Using a simple average of all experts that provided an estimate (not blank/NA), this gives us a consensus estimate for the three risks of:

consensus <- estimates |>
  group_by(risk) |>
  summarize(across(lambda:p50, ~ mean(.x, na.rm = TRUE)))

consensus |>
  mutate(across(p05:p50, ~ currency(.x, digits = 0L))) |>
  formattable(align = "l")
risk lambda p05 p95 p50
Cybersecurity Breach 0.2575 $1,850 $44,250,000 $318,750
Loss of Customer 2.0000 $100,000 $20,000,000 $1,425,000
Technology Outage 2.0000 $669 $187,500 $13,000

Forecast

Forecast risk using Monte Carlo simulation.

First calculate the parameters of the log normal distributions for each risk. Also calculate the differential of the most likely outcome (50th percentile) to provide insight into estimate accuracy:

lnorm_param
function(p05, p95, p50) {
  meanlog <- ((log(p95) - log(p05)) / 2) + log(p05)
  sdlog <- (log(p95) - log(p05)) / (2 * stats::qnorm(0.95))
  median <- stats::qlnorm(0.5, meanlog = meanlog, sdlog = sdlog)
  mdiff <- (p50 - median) / median

  return(list(meanlog = meanlog, sdlog = sdlog, mdiff = mdiff))
}
<bytecode: 0x126b4abe0>
<environment: namespace:quantrr>
consensus_params <- consensus |>
  mutate(as_tibble(lnorm_param(.data$p05, .data$p95, .data$p50)))

consensus_params |>
  mutate(across(p05:p50, ~ currency(.x, digits = 0L))) |>
  formattable(align = "l")
risk lambda p05 p95 p50 meanlog sdlog mdiff
Cybersecurity Breach 0.2575 $1,850 $44,250,000 $318,750 12.564153 3.064840 0.114057718
Loss of Customer 2.0000 $100,000 $20,000,000 $1,425,000 14.162084 1.610574 0.007627163
Technology Outage 2.0000 $669 $187,500 $13,000 9.323472 1.713260 0.160942790

Run the simulation:

calc_risk
function(risk, lambda, meanlog, sdlog, runs = 1e5) {
  events <- stats::rpois(runs, lambda)
  losses <- purrr::map_dbl(events, \(n) sum(stats::rlnorm(n, meanlog, sdlog)))

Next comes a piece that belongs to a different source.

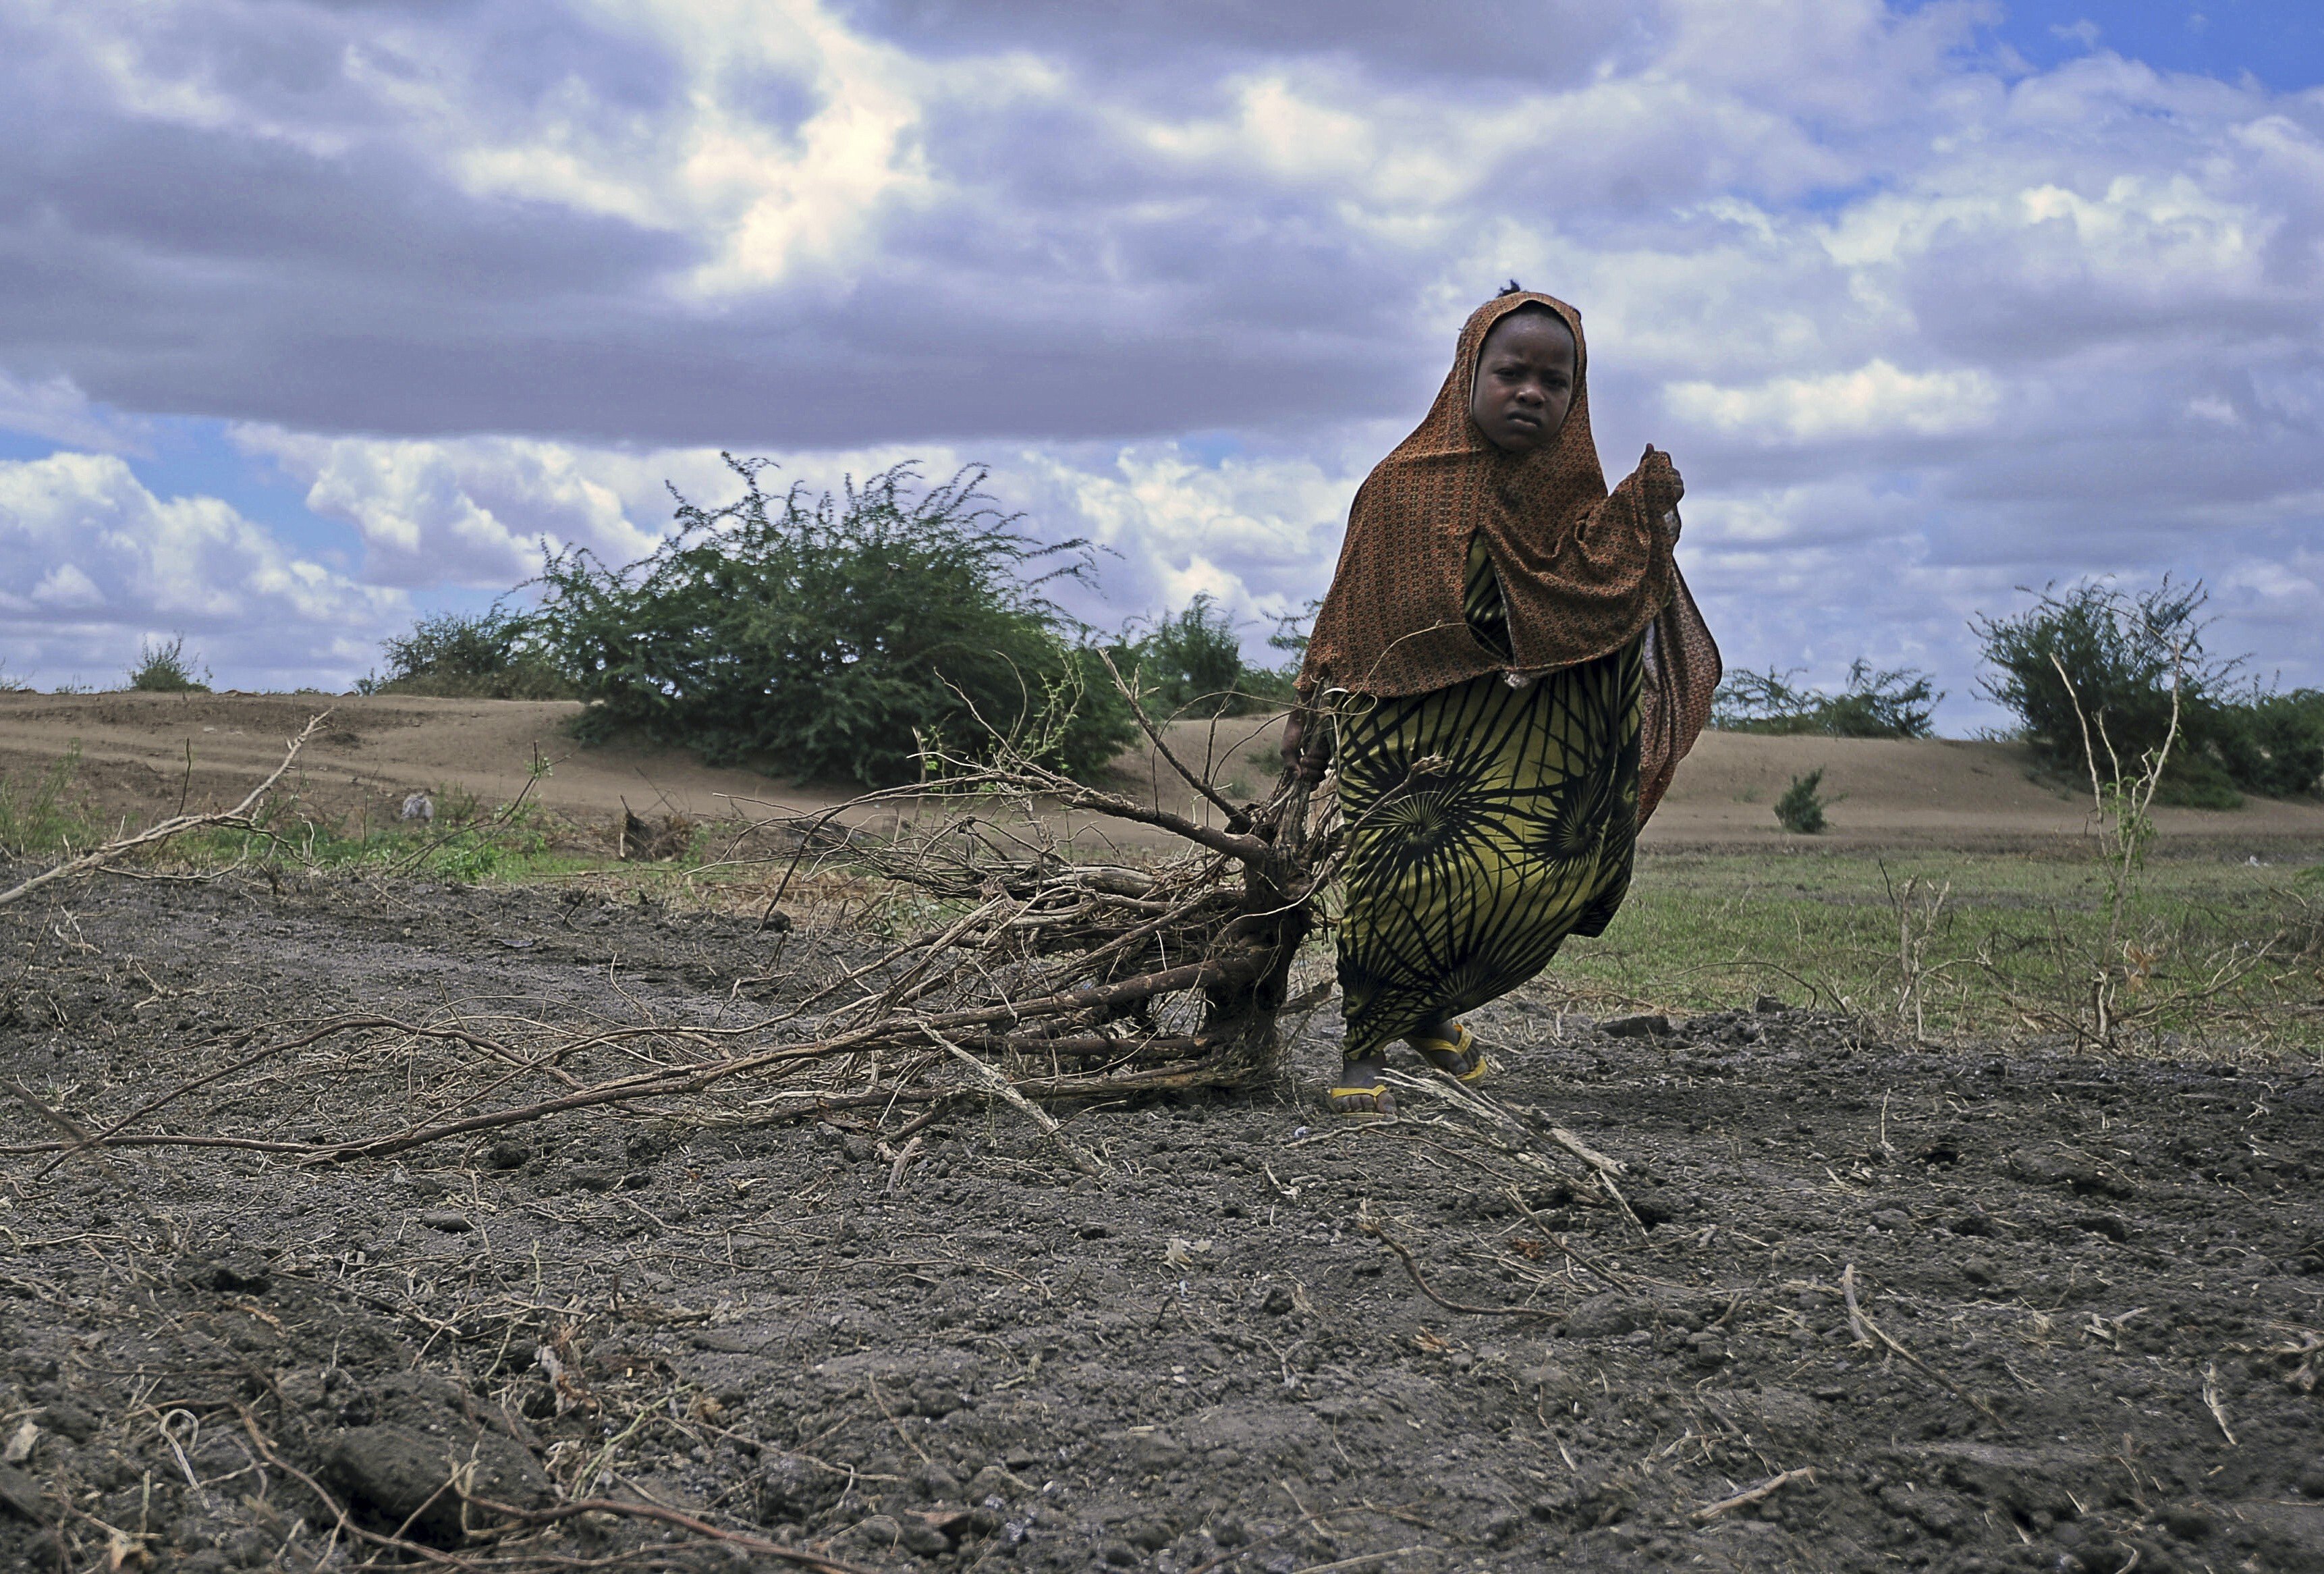 A Somali girl drags bundles of firewood for use as fuel for cooking near Jowhar town, north of the capital Mogadishu, in October, 2015. Clean tech can help reduce the drudgery that disproportionately burdens women, such as collecting water or fuel. Photo: AFP

  tibble::as_tibble(list(events = events, losses = losses)) |>
    dplyr::mutate(year = dplyr::row_number(), risk = risk, .before = events)
}
<bytecode: 0x12708ccc0>
<environment: namespace:quantrr>
forecast <- consensus_params |>
  select(c("risk", "lambda", "meanlog", "sdlog")) |>
  pmap(calc_risk) |>
  list_rbind()

forecast |>
  group_by(risk) |>
  summarize(avg_events = mean(events), avg_losses = mean(losses)) |>
  mutate(avg_losses = currency(avg_losses, digits = 0L)) |>
  formattable(align = "l")
risk avg_events avg_losses
Cybersecurity Breach 0.25584 $9,926,915
Loss of Customer 2.00262 $10,455,817
Technology Outage 1.98742 $95,895

Histograms

Use histograms to compare risks and visualize overall risk.

forecast |>
  ggplot(aes(losses)) +
  facet_grid(vars(risk)) +
  geom_hist_bw(bins = 100) +
  scale_x_log10(labels = scales::label_currency(scale_cut = scales::cut_short_scale())) +
  labs(x = NULL, y = NULL) +
  theme_quo()
Warning in scale_x_log10(labels = scales::label_currency(scale_cut =
scales::cut_short_scale())): log-10 transformation introduced infinite values.
Warning: Removed 104497 rows containing non-finite outside the scale range
(`stat_bin()`).

Combined risk:

forecast |>
  ggplot(aes(losses, fill = risk)) +
  geom_histogram(bins = 100) +
  scale_x_log10(labels = scales::label_currency(scale_cut = scales::cut_short_scale())) +
  labs(x = NULL, y = NULL, fill = "Risk") +
  theme_quo()
Warning in scale_x_log10(labels = scales::label_currency(scale_cut =
scales::cut_short_scale())): log-10 transformation introduced infinite values.
Warning: Removed 104497 rows containing non-finite outside the scale range
(`stat_bin()`).

Loss Exceedance Curves

Plot loss exceedance curves for all risks and combined risk.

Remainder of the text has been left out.